Pour soutenir les ménages bruxellois dans cette réforme plus radicale, la région bruxelloise s'engage « à distribuer de façon massive des petits bacs orange, à adapter leur taille pour les appartements, à développer des solutions de poubelles de tri pour les petits appartements, à développer des composts de quartier, etc. » (Sic)

Pour Bruxelles-Propreté, malgré la vague de contestation,  « un peu de chaos, c’est éducatif et c’est sympa » (sic). Pour David Leisterh : « Rendez-vous compte, certains quartiers n’ont que 2 heures, un seul jour de la semaine, pour sortir leur poubelle. Ajoutez à cela la réduction du nombre de jour de collecte, essayez d’éviter de cuisiner du poisson en début de semaine (…) Des bourgmestres sont fâchés, des syndicats sont fâchés (…) Cette réformette de la collecte des déchets accumule les couacs (…) il reste encore beaucoup de travail pour qu’Alain Maron devienne un Monsieur Propre » 

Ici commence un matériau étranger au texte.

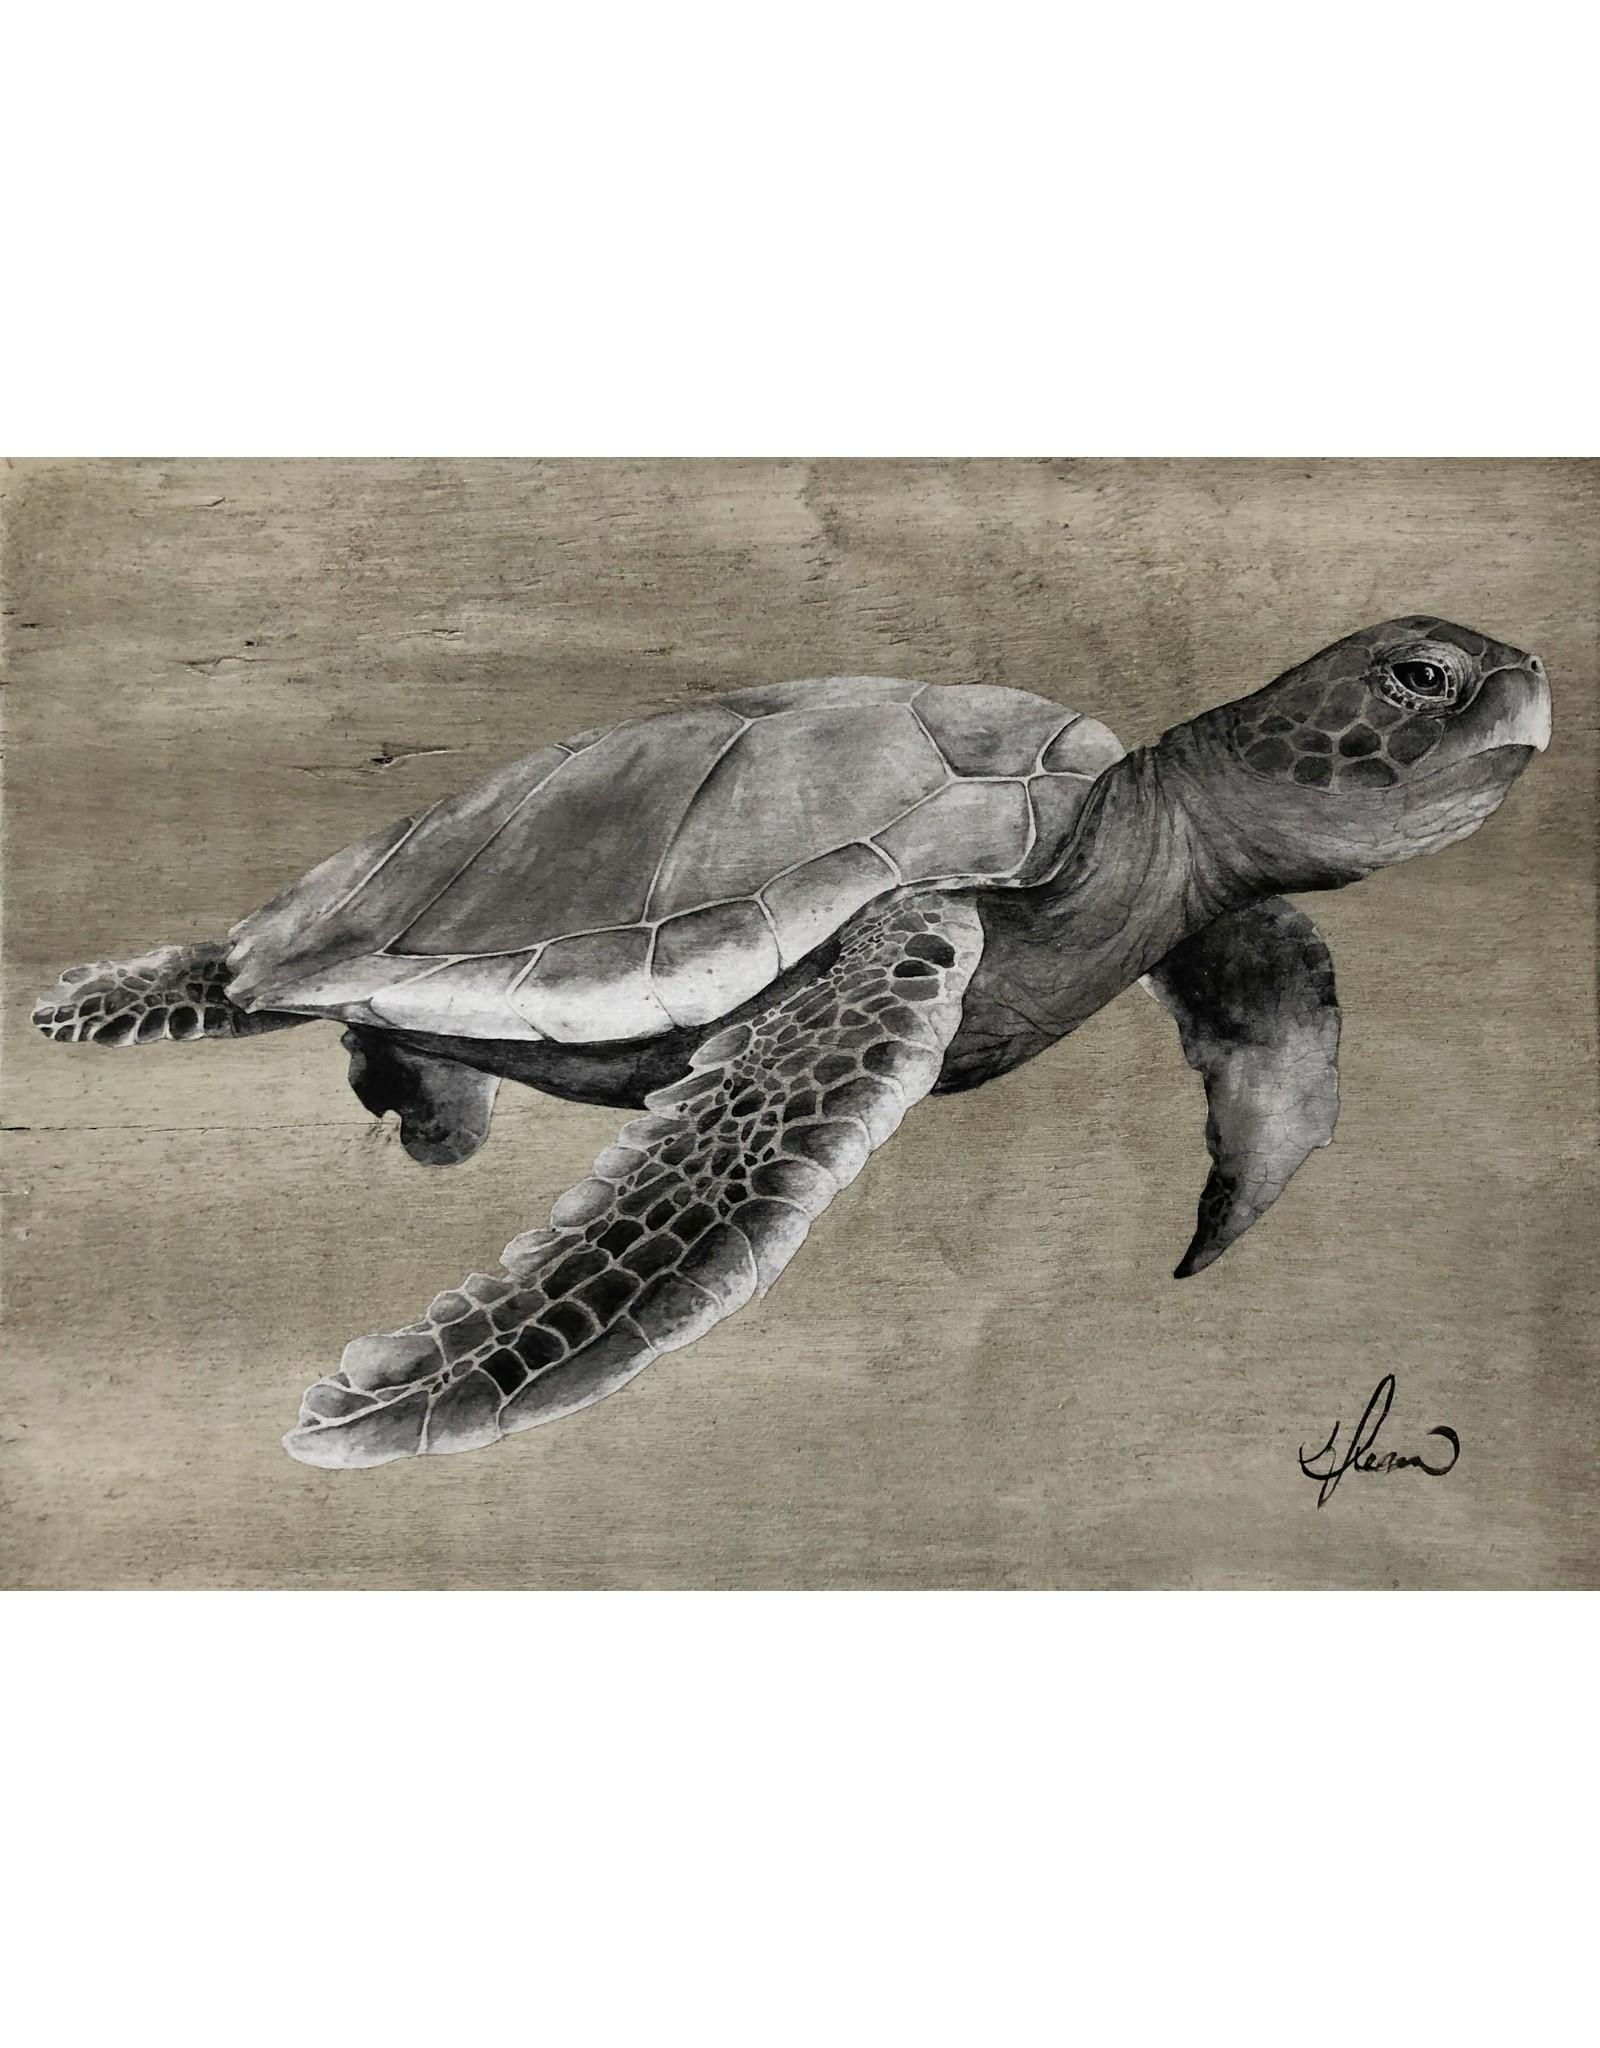 "Molly Pearce Loggerhead Turtle (gray) 17x24"""" MOLP)"

Tout ceci, c’est sans compter le prix des sacs poubelle qui augmente, une taxe déchets ménage coup de fusil - même si réparti de manière évolutive en fonction du nombre de personnes qui composent le ménage – et une taxe déchets pour les indépendants imposée dans certaines communes aux entreprises dont le siège social est répertorié à l’adresse du domicile. Le contribuable paie donc deux fois la taxe qu’il génère ou non des déchets supplémentaires.

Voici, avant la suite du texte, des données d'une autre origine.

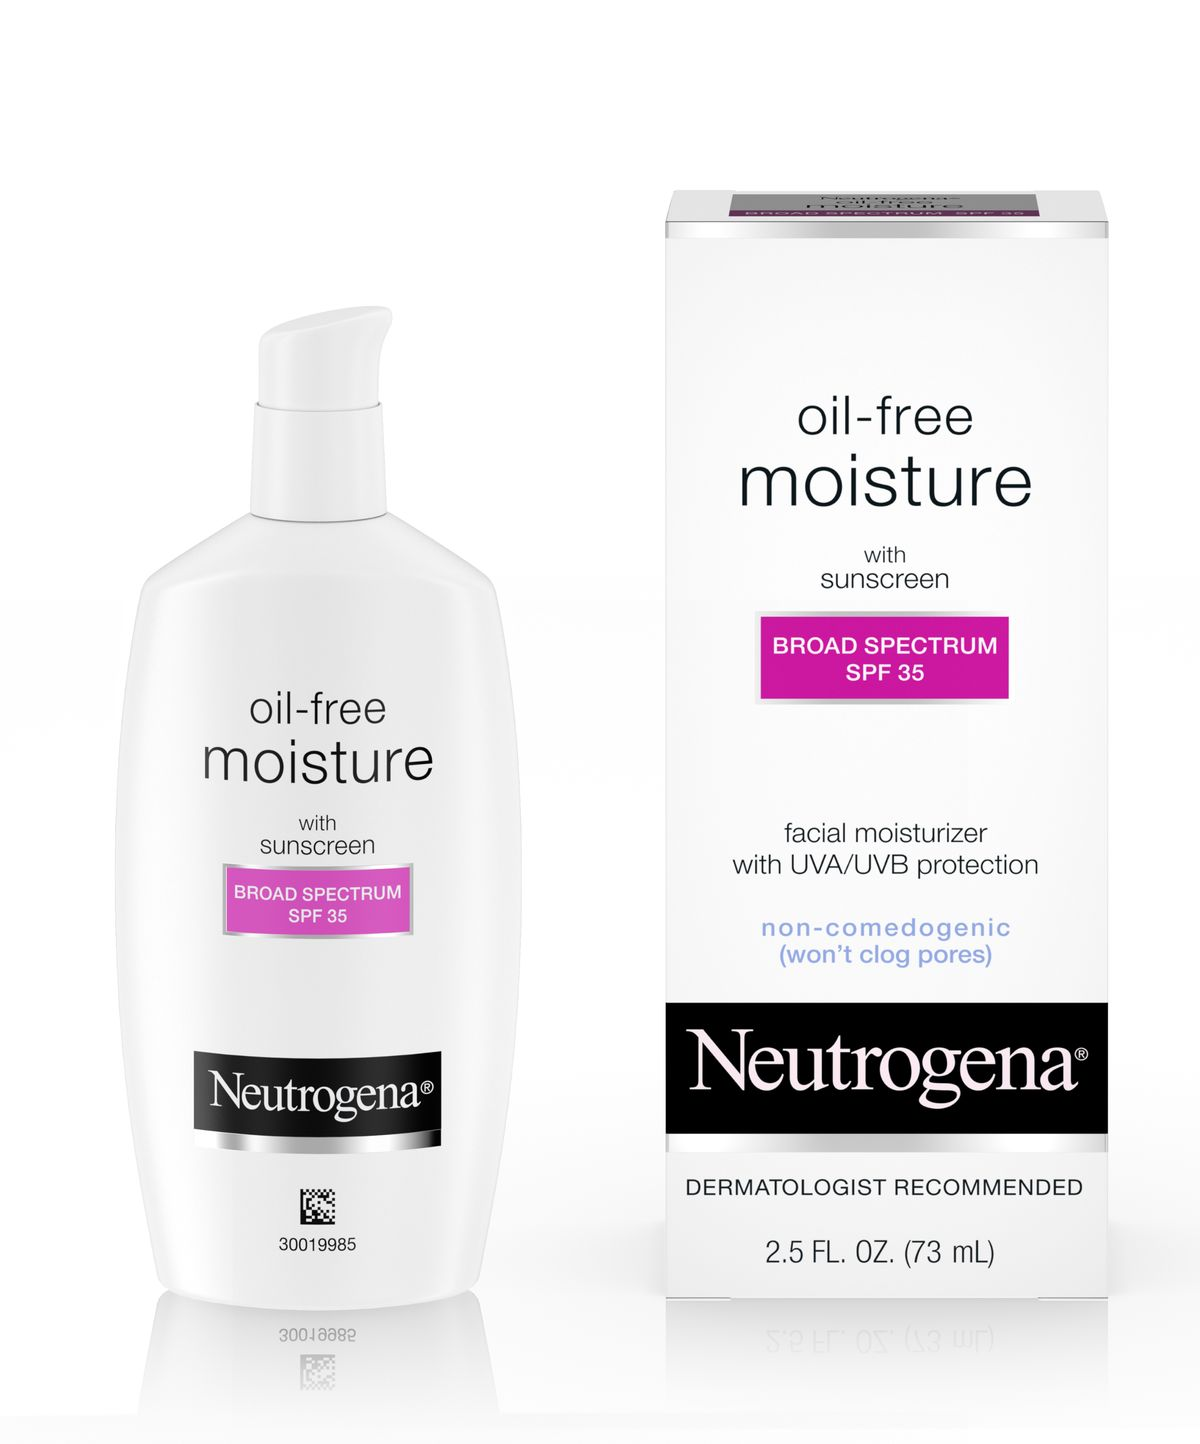 Neutrogena Oil-Free Moisturizer SPF 35.jpg

Des milliers de tonnes de déchets sauvages sont récoltés chaque année sur le territoire de la Ville. Et les chiffres sont en nette augmentation chaque année. La réforme risque de ne pas arranger les choses. Si c’est cela faire de la politique « autrement » …

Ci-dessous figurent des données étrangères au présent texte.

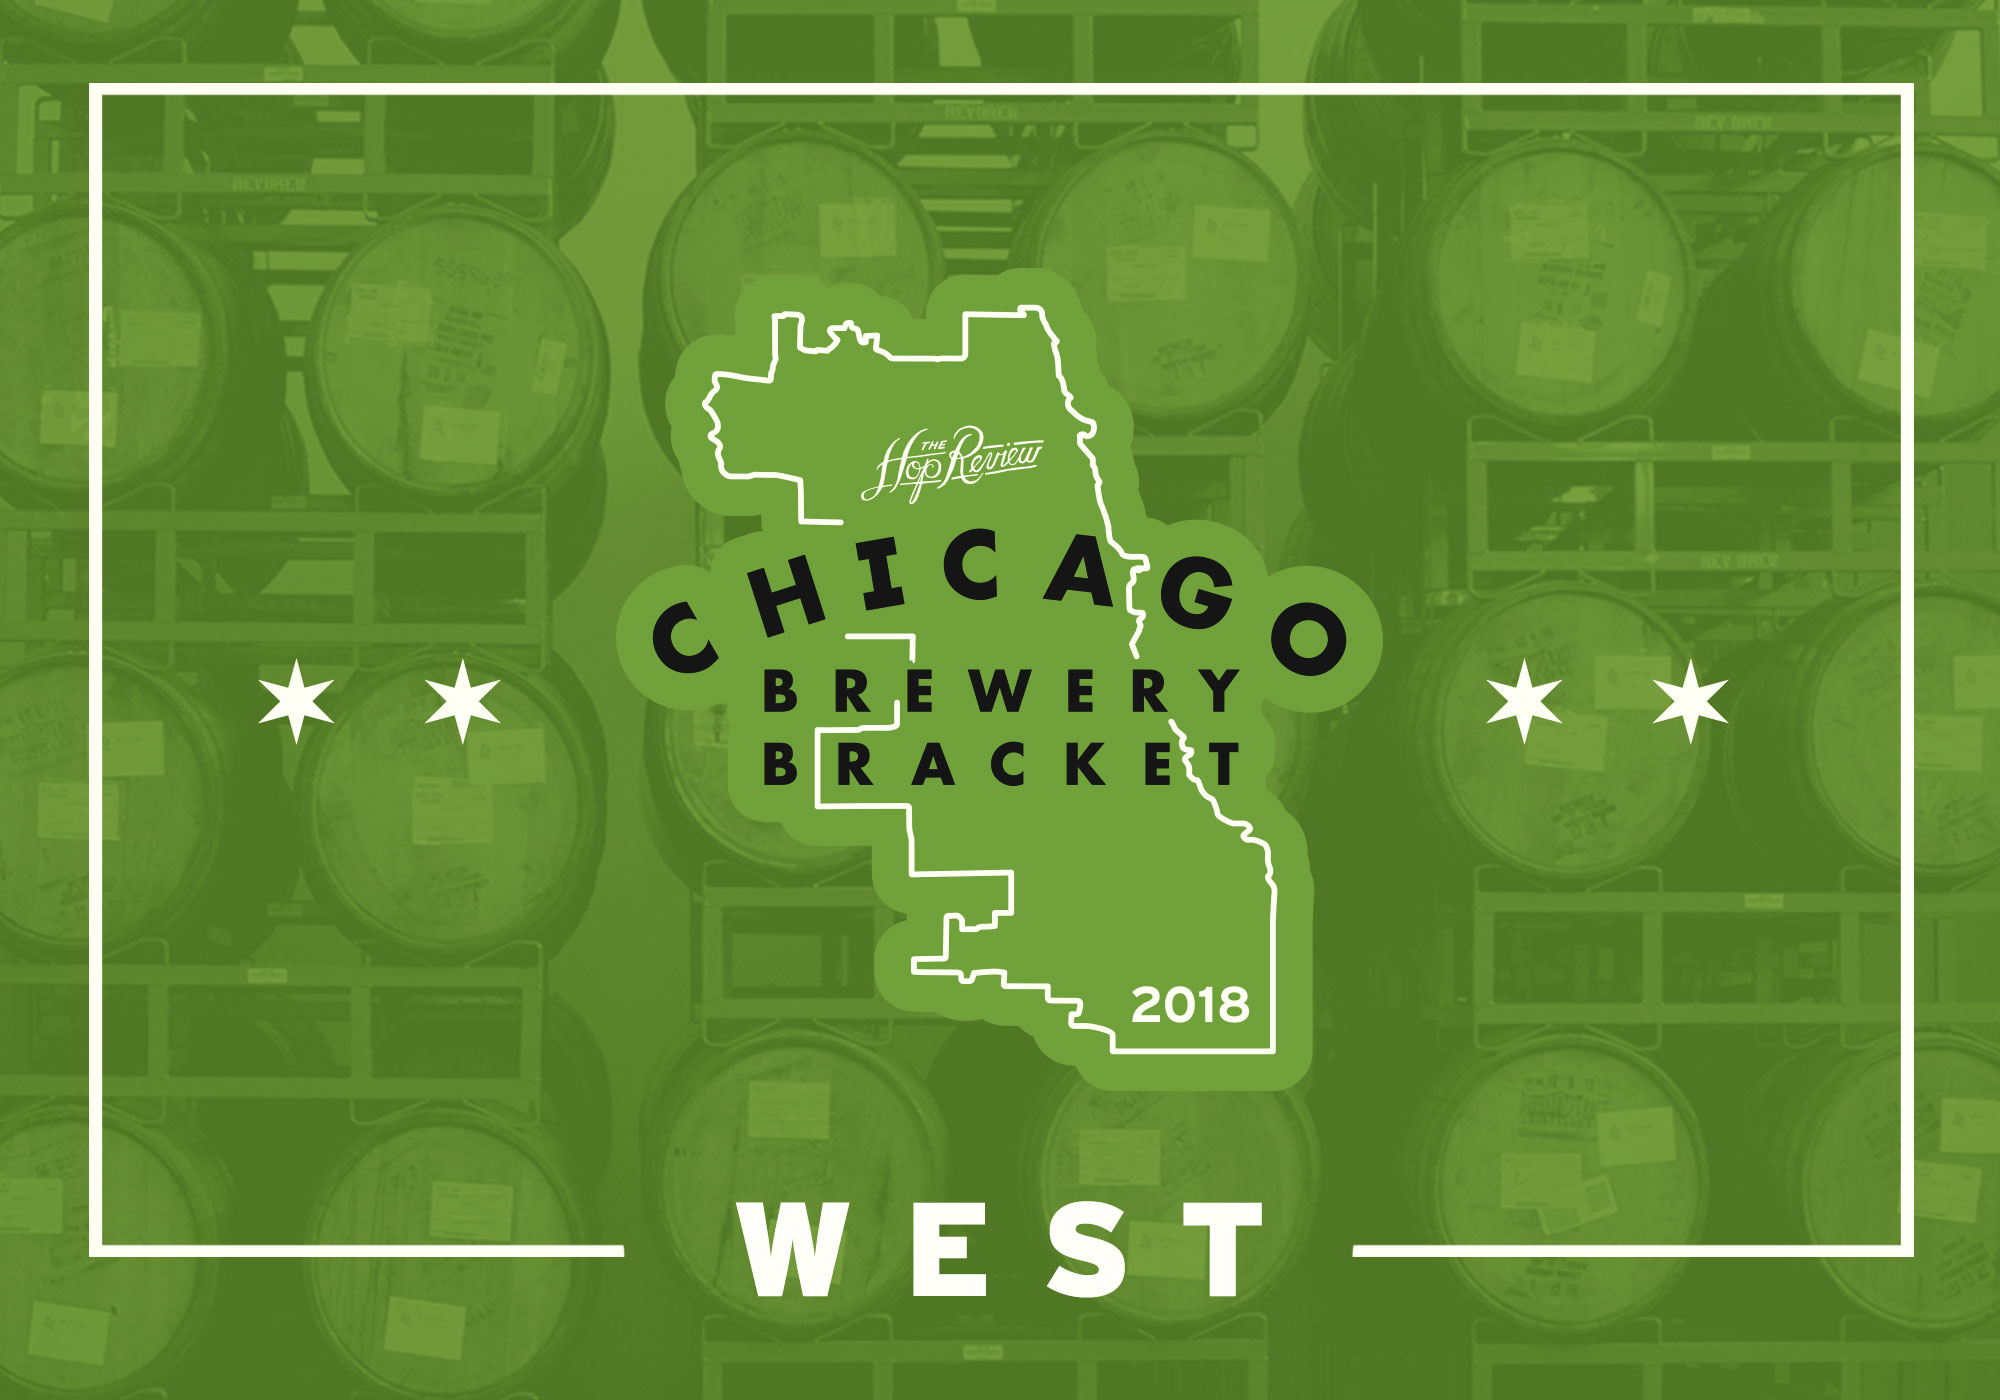 ChicagoBreweryBracket_2018_WEST.jpg

Pour David Leisterh, si le MR souscrit au fond de cette réforme qui vise à se conformer aux exigences européennes, soit réduire de 40% nos sacs blancs via le tri des déchets organiques, le mouvement réformateur émet les plus vives critiques sur les choix opérés par le Gouvernement bruxellois, soit :

Pour lutter contre le fléau de la malpropreté en Région bruxelloise, le MR propose des sanctions plus importantes, davantage de brigades de la propreté et plus d’innovation. « Bruxelles est l’une des seules capitales, qui a des quartiers touristiques, mais qui continue de collecter les déchets de façon dépassée. On peut en effet questionner cette méthode archaïque qui consiste à déposer ses sacs-poubelle devant chez soi. Plusieurs villes européennes ont instauré des containers enterrés pour éviter de se retrouver avec des milliers de sacs qui jonchent le sol des rues », souligne aussi David Leisterh. La ville de Porto en est un bel exemple.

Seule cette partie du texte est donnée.